M Logo
Michael Lynn
VAI: Voyage AI CLI & RAG Playground

VAI: Voyage AI CLI & RAG Playground

A comprehensive toolkit for building RAG pipelines with Voyage AI embeddings and MongoDB Atlas Vector Search—CLI, web playground, and desktop app.

By Michael Lynn2/19/2026
Share this article:

VAI: Voyage AI CLI & RAG Playground

Command: vai · Repository: github.com/mrlynn/voyageai-cli
VAI (voyageai-cli) is a comprehensive toolkit for building RAG (Retrieval-Augmented Generation) pipelines using Voyage AI embeddings and MongoDB Atlas Vector Search.
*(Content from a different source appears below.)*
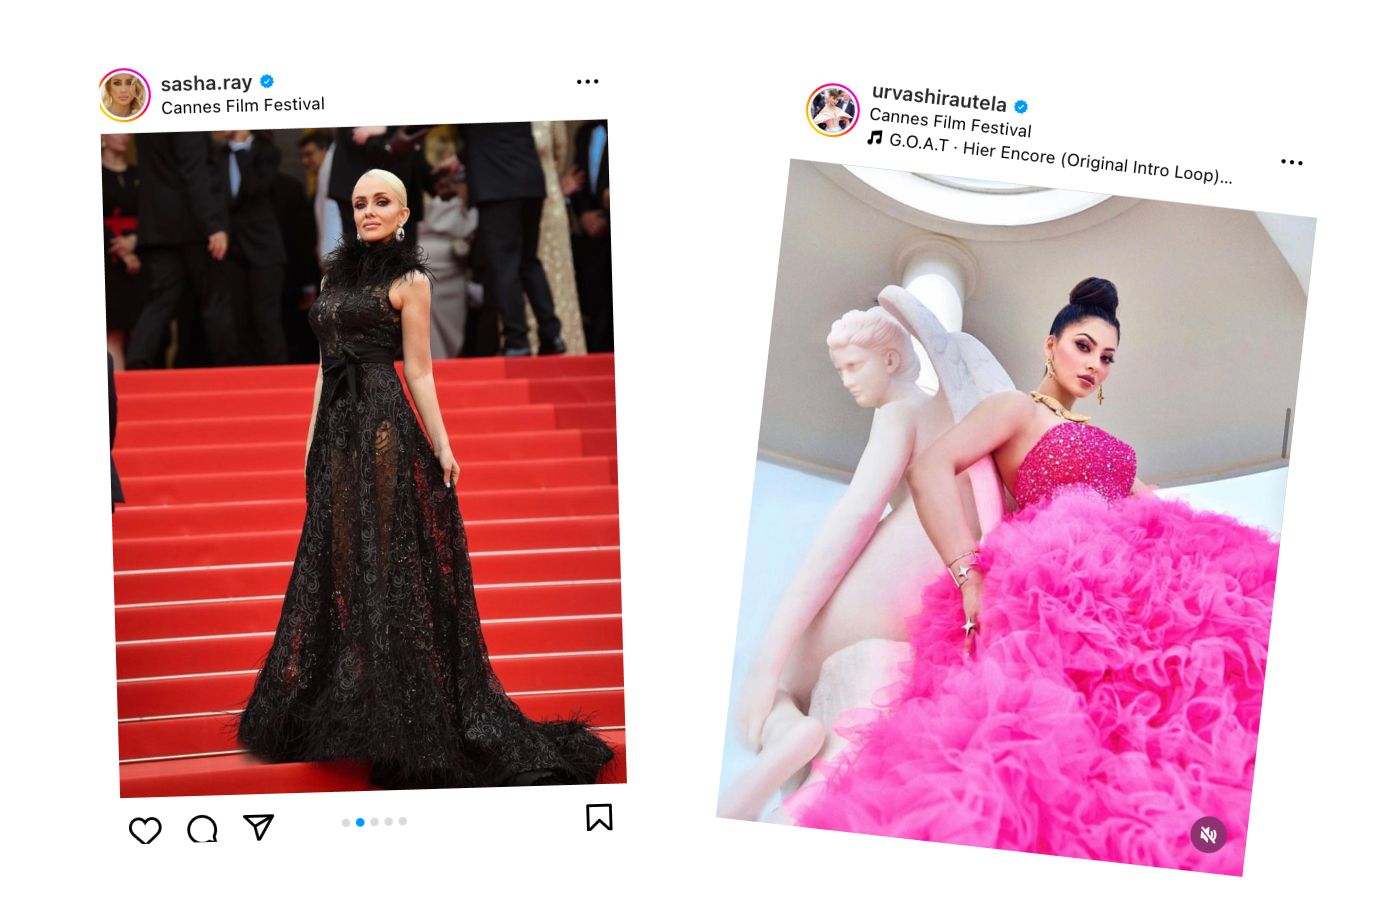 Ukranian singer Sasha Ray in sapphire and diamond earrings by TOi and Indian actress Urvashi Rautela in a ring and arm cuff by TOi, both at the Cannes Film Festival 2023

The tool provides three interfaces: a 22-command CLI for terminal workflows, a browser-based web playground, and a standalone Electron desktop app with OS keychain integration.

Project Overview

As a Principal Developer Advocate at MongoDB, I built VAI to give developers a single, consistent way to go from raw documents to a searchable vector database—and to explore Voyage AI models, chunking strategies, and two-stage retrieval without writing custom scripts. Whether you prefer the CLI, the playground, or the desktop app, the same capabilities are available: chunk → embed → store → query → rerank.

VAI Architecture — Three Deployment Modes

CLI, web playground, and desktop app share the same Voyage AI and MongoDB integration

Key Features

1. End-to-End RAG Pipeline (vai pipeline)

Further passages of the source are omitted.